Дебальцево пало через несколько дней. Украинские части, потеряв надежду на прорыв и деблокаду, выходили из окружения мелкими группами, бросая технику, оружие, раненых. Потери с обеих сторон были огромны - по самым скромным оценкам, несколько тысяч убитыми и ранеными, но в официальных сводках это назвали «локальным нарушением режима прекращения огня». Политики в Минске продолжали улыбаться. Дипломаты продолжали обсуждать детали. А в донецких госпиталях продолжали умирать люди те, кого не успели довезти, те, кому не хватило крови для переливания, те, кто просто не выдержал.

Вечером, когда бои стихли и над разрушенным городом повисла та особенная, звенящая тишина, какая бывает только после больших сражений, Алексей сидел в захваченном блиндаже и писал письмо Кате. Блиндаж был чужим, украинским, с брошенными в спешке вещами фотографией какой-то девушки на стене, недопитой кружкой чая, солдатским молитвенником, но печка-буржуйка работала исправно, и это было главное.

«Катя, привет.

Мы взяли Дебальцево. Это было страшно. Страшнее Иловайска. Я видел такое, что не хочу описывать - тебе, наверное, лучше не знать, но я жив и Витька жив - опять отделался царапинами, его словно заговорили и Дед жив - он вообще бессмертный, по-моему. Это главное.

Перемирие? Да, формально оно вступило в силу. По телевизору показывают улыбающихся политиков, которые жмут друг другу руки и говорят о мире, но пока мы брали Дебальцево, никто о перемирии не вспоминал. Ни мы, ни они. Слишком много было поставлено на карту. Слишком много крови уже пролилось, чтобы остановиться. Теперь, наверное, станет тише. Теперь, наверное, отведут тяжёлые вооружения, как обещали, но я не верю в тишину. Я верю только в то, что видел своими глазами. А мои глаза видели: война не кончилась. Она просто перешла в другую фазу. Менее громкую, но не менее страшную.

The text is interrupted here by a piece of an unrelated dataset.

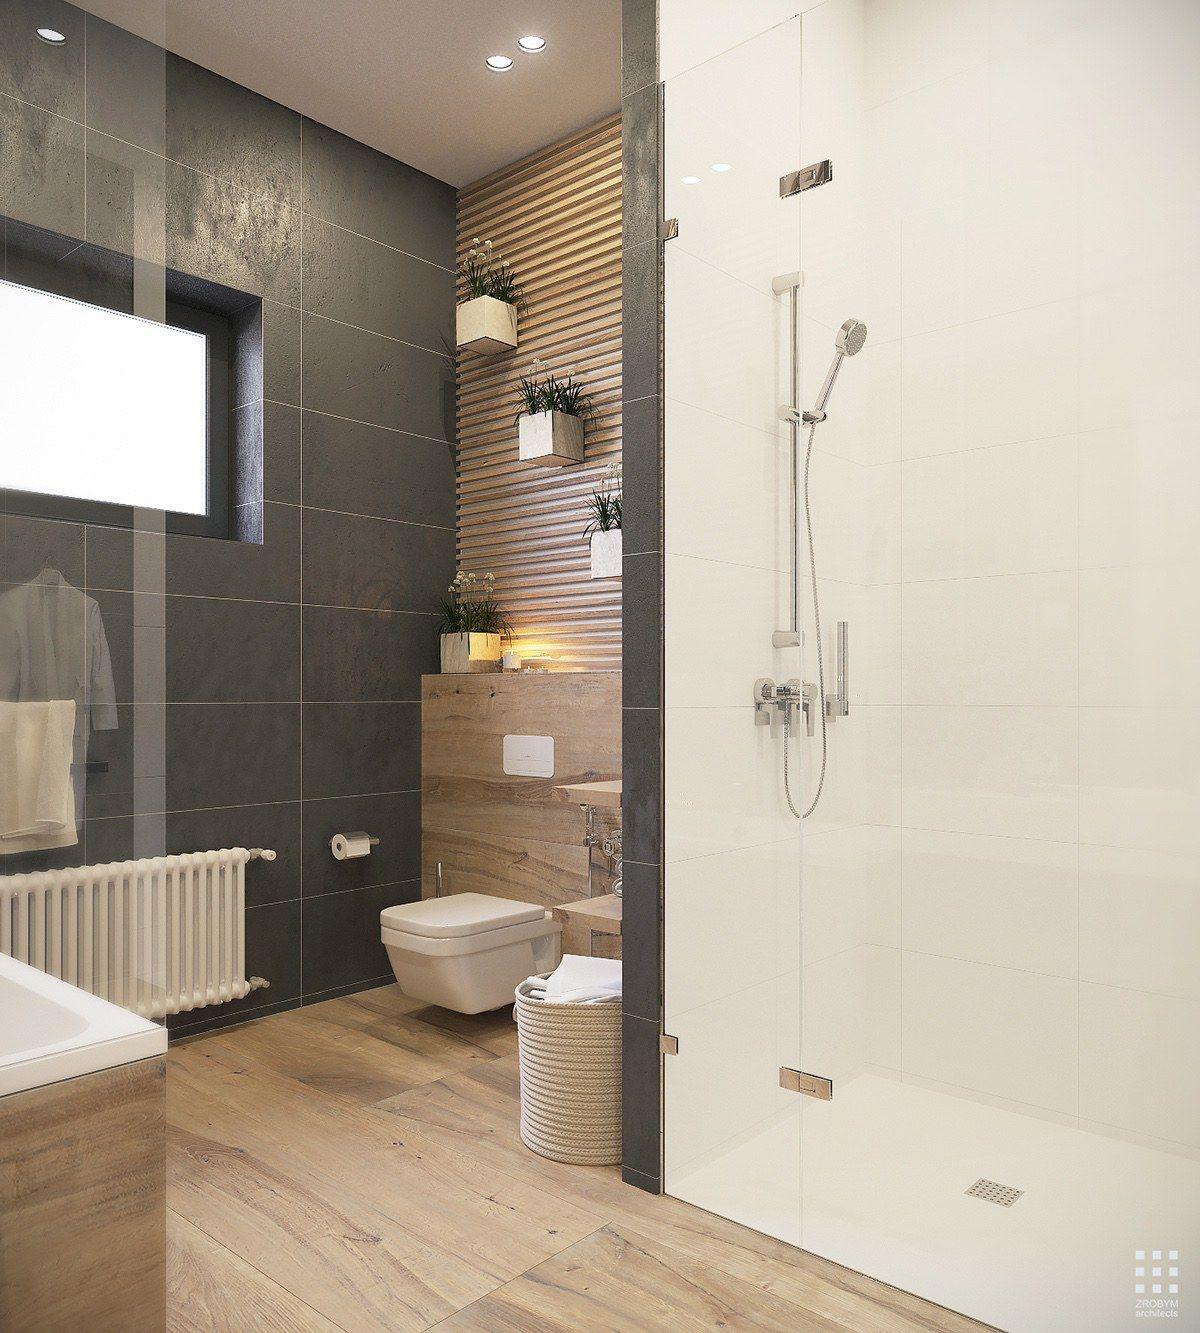 An Organic Modern Home With Subtle Industrial Undertones Bathroom Designs Pinterest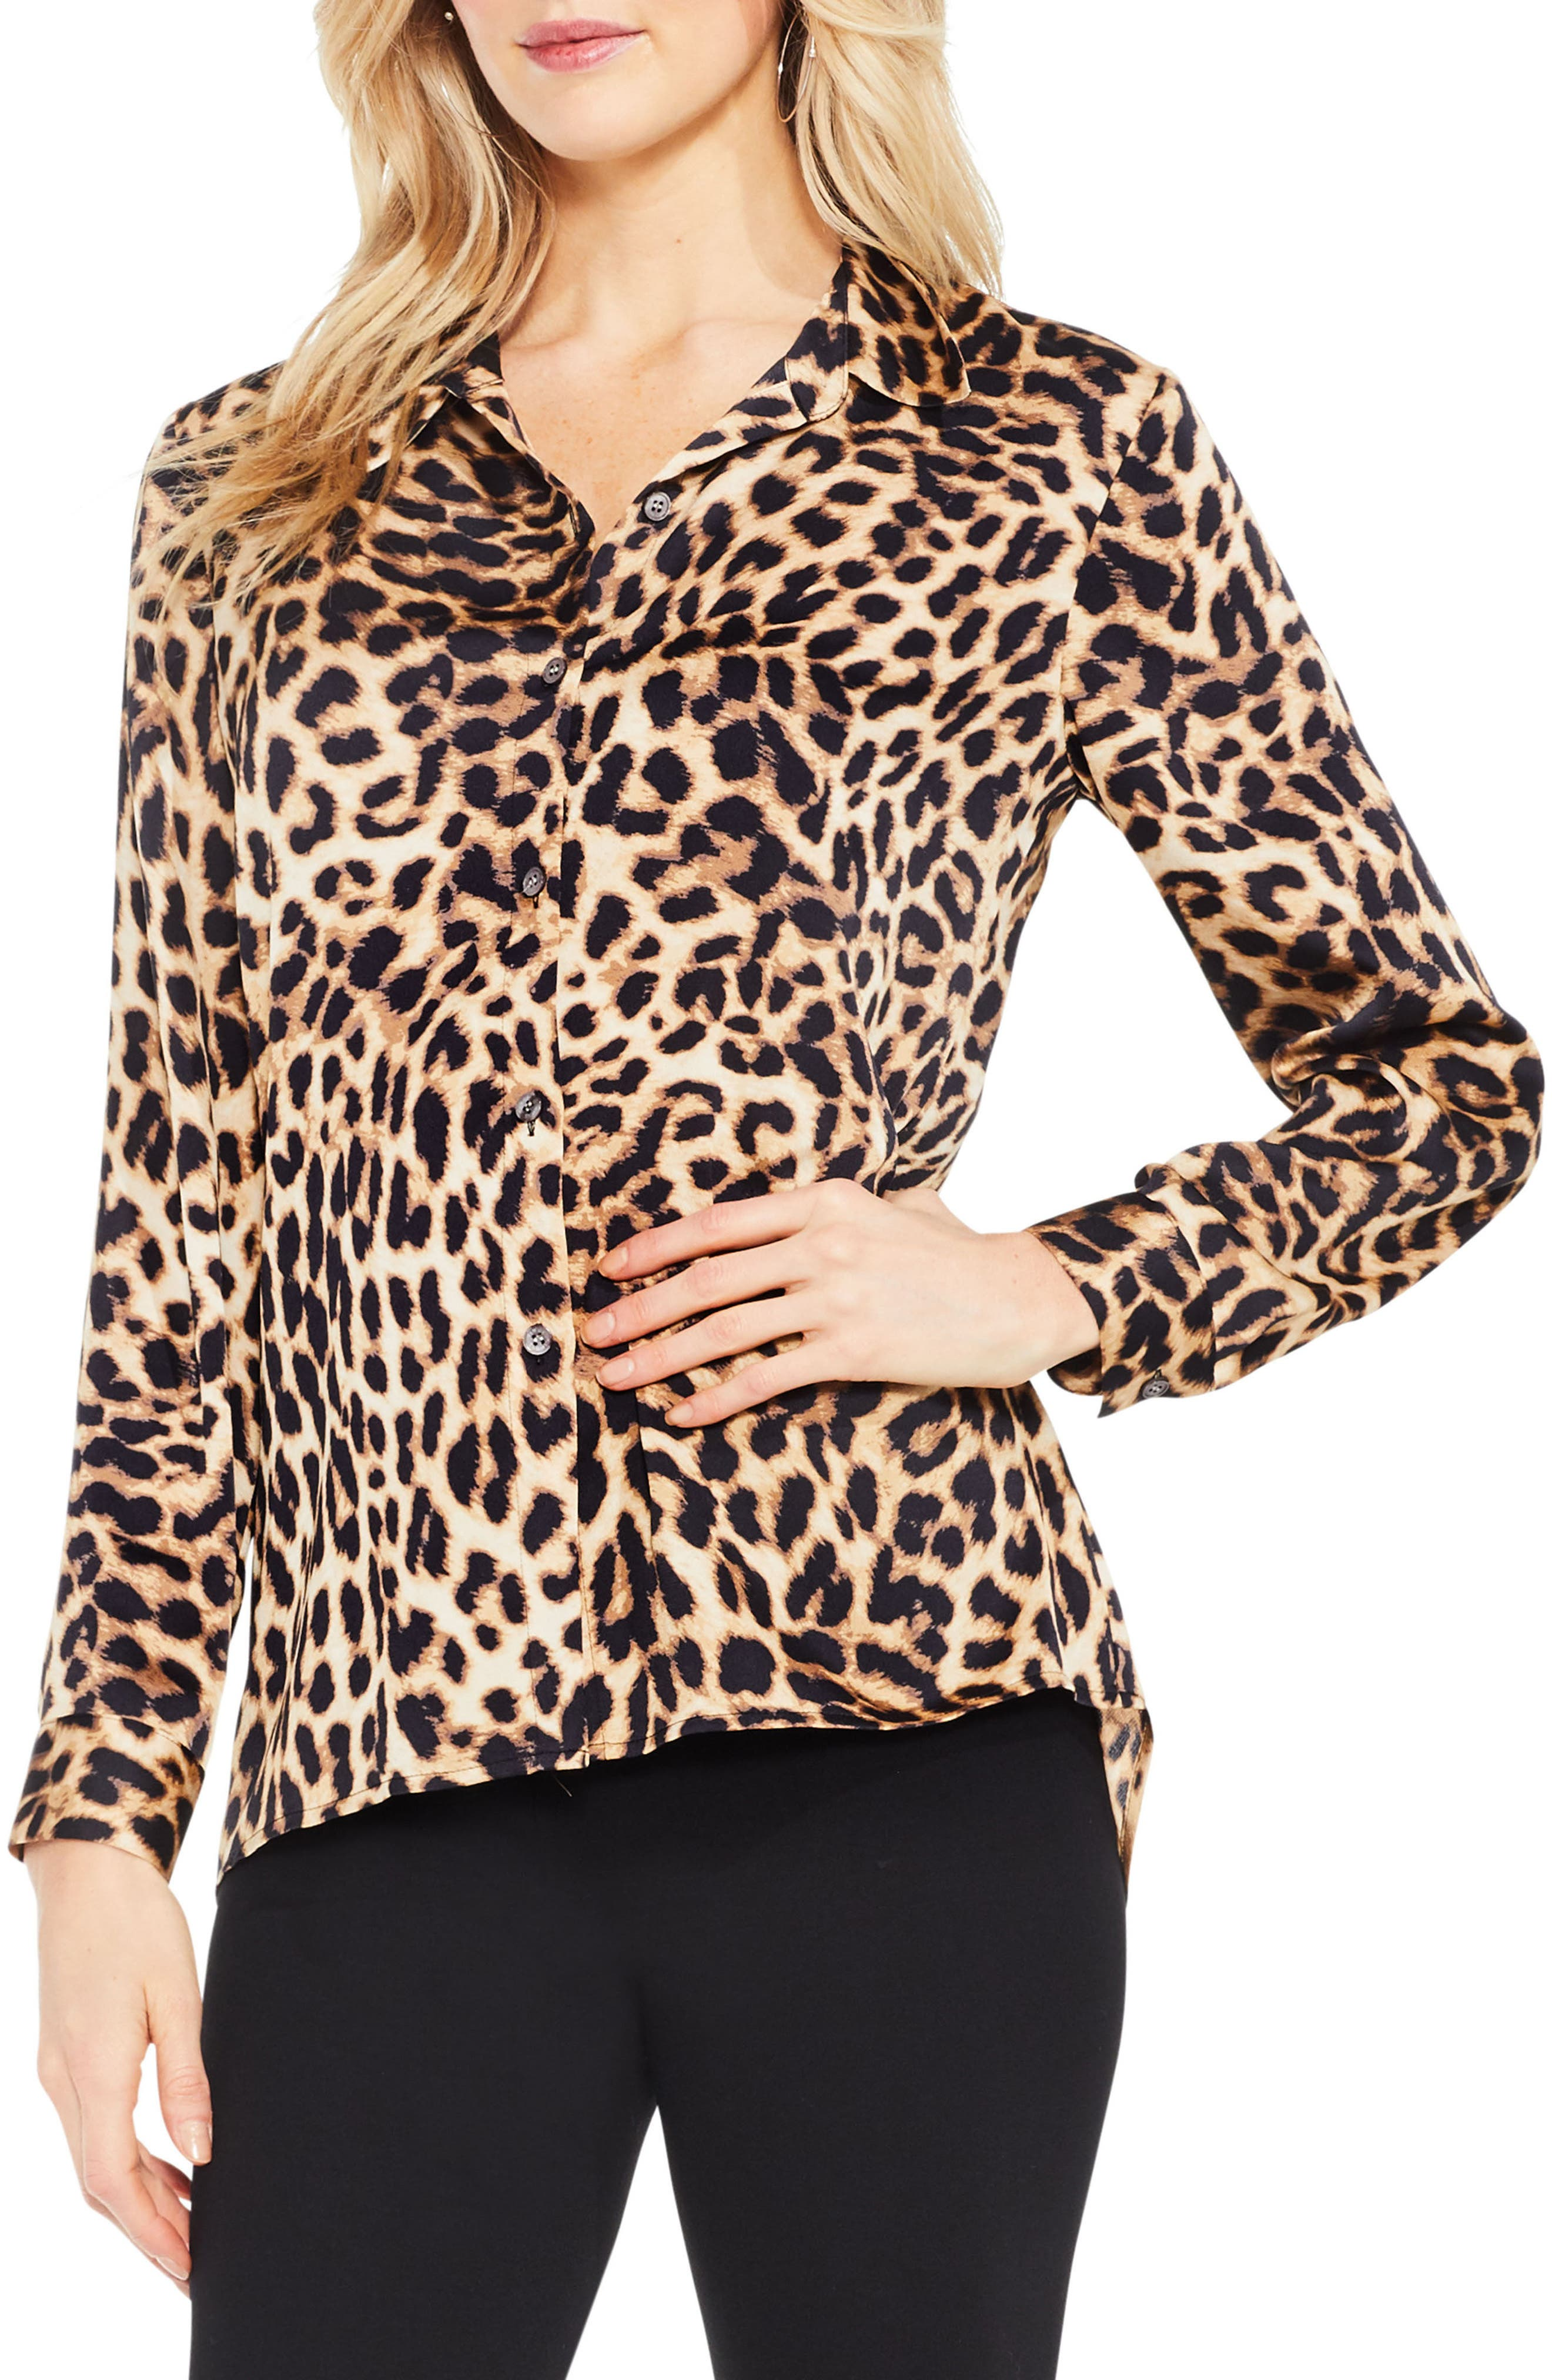 Main Image - Vince Camuto Leopard Print Blouse

Ты спрашивала в прошлом письме про репортаж. Я очень рад, что твой профессор похвалил тебя. Я знал, что так будет. Ты всегда была талантливой. Даже в детстве, когда мы играли в журналистов, ты всегда придумывала самые интересные истории. Помнишь? Ты брала папин старый диктофон и ходила по квартире, брала интервью у всех - у меня, у мамы, у папы, у кота. А потом садилась и писала «статью» в тетрадку. Мама хранит эти тетрадки до сих пор. Я надеюсь, что твой репортаж напечатают, но даже если нет - ты сделала главное. Ты сказала правду. А правда, она, как мост. Её можно бомбить, её можно обстреливать, на неё можно вешать таблички «Осторожно, мины», но она всё равно стоит и будет стоять.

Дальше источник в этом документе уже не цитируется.